I felt sexier than I ever had before. And by the time I turned 18, the boys (and the girls) took notice. When you feel sexy, confident and healthy, you draw others in with your magnetic prowess. People want to be around you.
So, ladies and gents, here is why getting tested in the sexiest thing you can do:
Because safety is sexy
If you're really going to go for it in the bedroom, it's imperative that you feel safe. It's 100 percent impossible to sexually experiment in all the fabulous kink unless you feel protected in your environment and with your partner. Safety is everything, kittens.
Getting an STD/STI test is the foundation to providing a safe sexual environment for you and your partner. By making your partner and yourself feel safe, you're free to indulge in all the wonderful sexual acts of your dreams without an ounce of fear.
Fear is a sexual buzz kill, my lovelies.
Because it demonstrates that you're not afraid of the truth
There is absolutely nothing sexy about a lie. Brilliant, fierce sex is rooted in complete and utter honesty, in being honest about what really feels good, in being authentically turned-on, in having real, unabashed orgasms and in knowing you are disease-free.
If you're the type of person who flees from the weight of the truth, you're simply not ready to be having mind-blowing sex. In order to have unforgettable sexual experiences, you have to be ready to look the truth dead in the eye.
Because it shows you’re not a selfish lover
Kittens, repeat after me: We do not sleep with selfish lovers, nor do we ever want to be deemed a selfish lover.
Girls and boys as fabulous as us don't settle for the pillow princess starfishes who take, take, take and don't give.
If you get tested, you're demonstrating that you're not a selfish lover. You're saying, "I care about my health, AND I care about your health."
It's a collaboration -- the perfect give and take -- which is precisely what the dynamic of sex should be.
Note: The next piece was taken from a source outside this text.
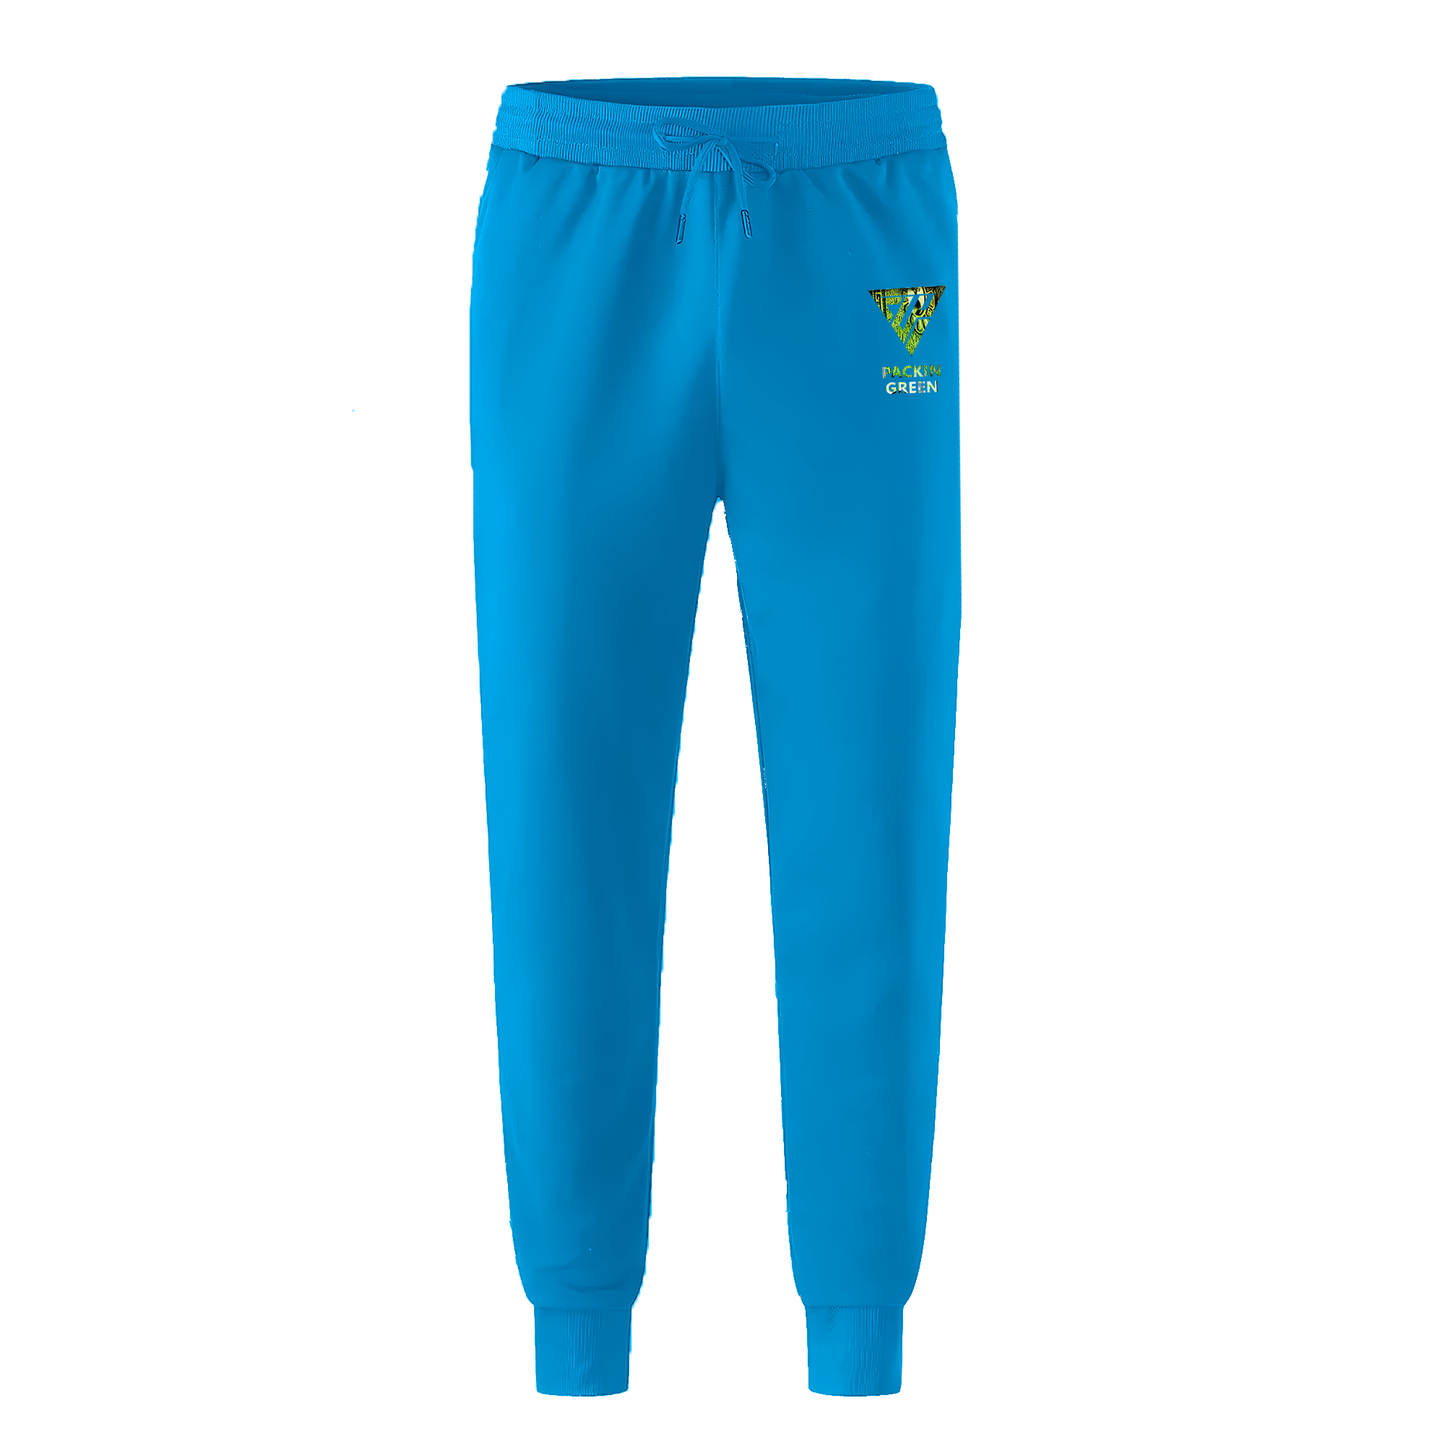 Packin Green Sports Pants Sweatpants (Blue)

Because a person who takes ownership over his or her sexual health is better in bed
Anyone who can take ownership over his or her sexual health can take ownership when it comes to matters of the bedroom.
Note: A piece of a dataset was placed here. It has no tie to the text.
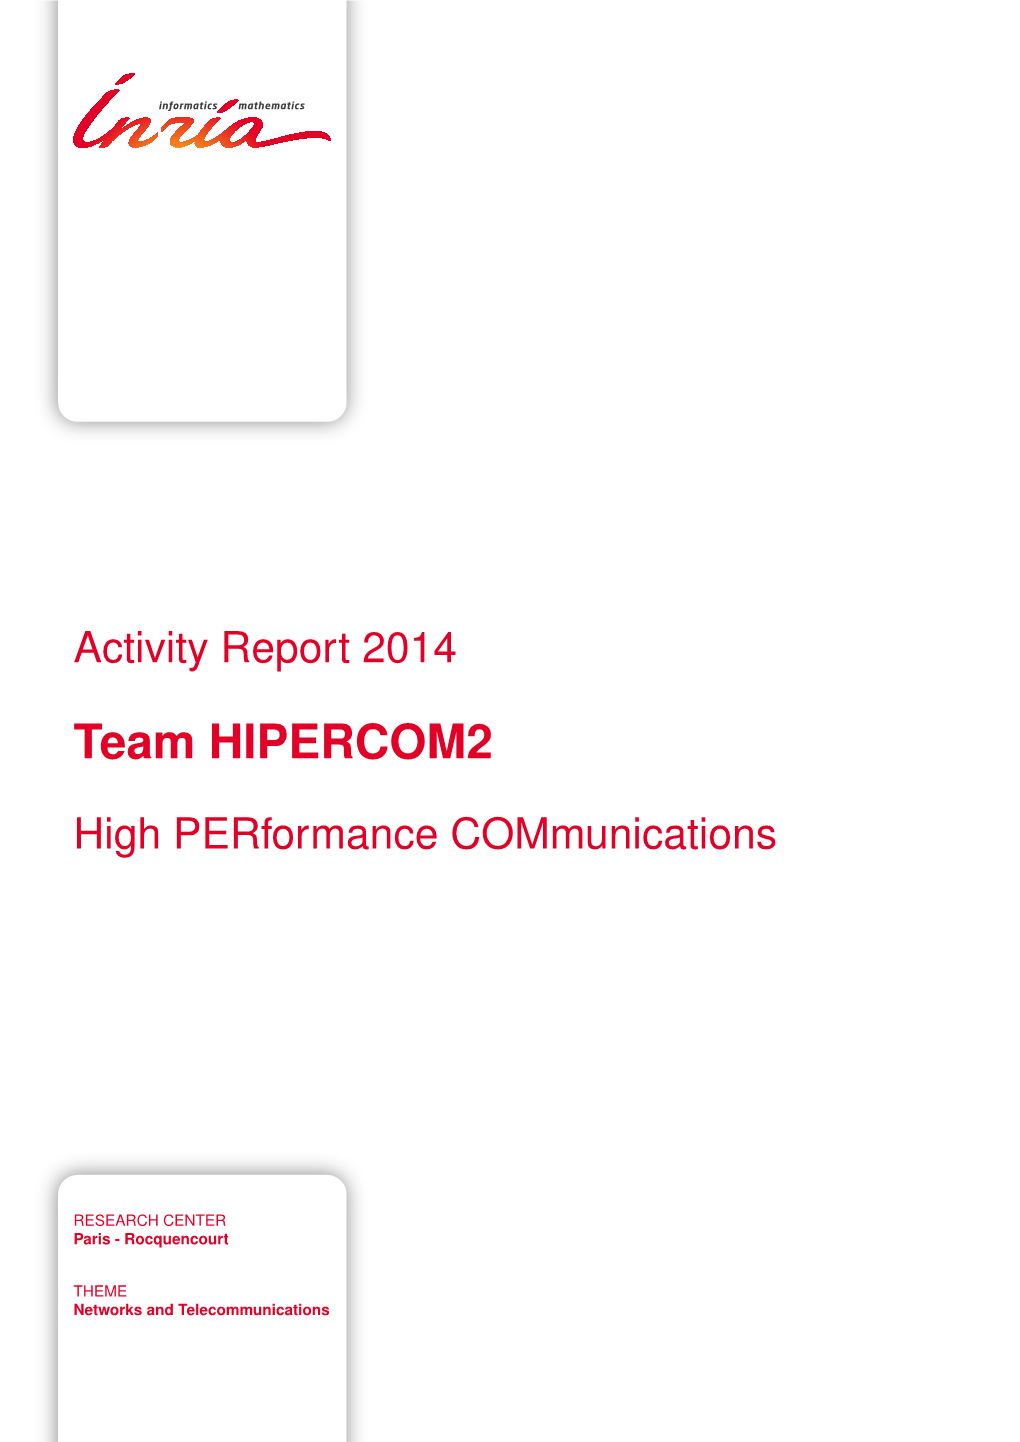 Team HIPERCOM2

Based on my personal sexual experience, the types of girls and boys who regularly get tested for STDS/STIs are just generally better in the sack. It shows they're having regular sex, are wildly responsible and wonderfully experienced.
They know what they're doing when it comes to life and f*cking.
Because getting tested with your partner is a bonding experience that cultivates a better sexual relationship
The bottom line is that couples who get tested together, stay together.
Getting tested is always an intense experience, especially for those of us with big colorful imaginations. We are in a very vulnerable place when we get tested, even if we know we've been safe. I convince myself I have something every time. My brain just goes there.
But getting tested with your partner and holding hands in the waiting room before you get called in to talk to a health professional is a bonding experience like no other.
When my partner sees me vulnerable, it makes our relationship stronger. We have now officially "gone through sh*t together." This deepens our relationship and makes us fall even harder in love.
I've said it before, and I will say it again: There ain’t no sex like LOVE sex.
Because post-tested sex is the new make-up sex
We all love make-up sex after an argument with our significant other. There are so many pent-up emotions that we can’t wait to release in the bedroom.
Well, I thought make-up sex was the best sex, until I had post-testing sex.
When you know you're healthy and can trust your partner, you can really have the guilt-free, fear-free insane hair-pulling, heart-throbbing sex of your dreams.
Because nothing is sexy about giving someone an STD
Yeah, it's not really a sexy conversation to have. Trust me on this one, kittens.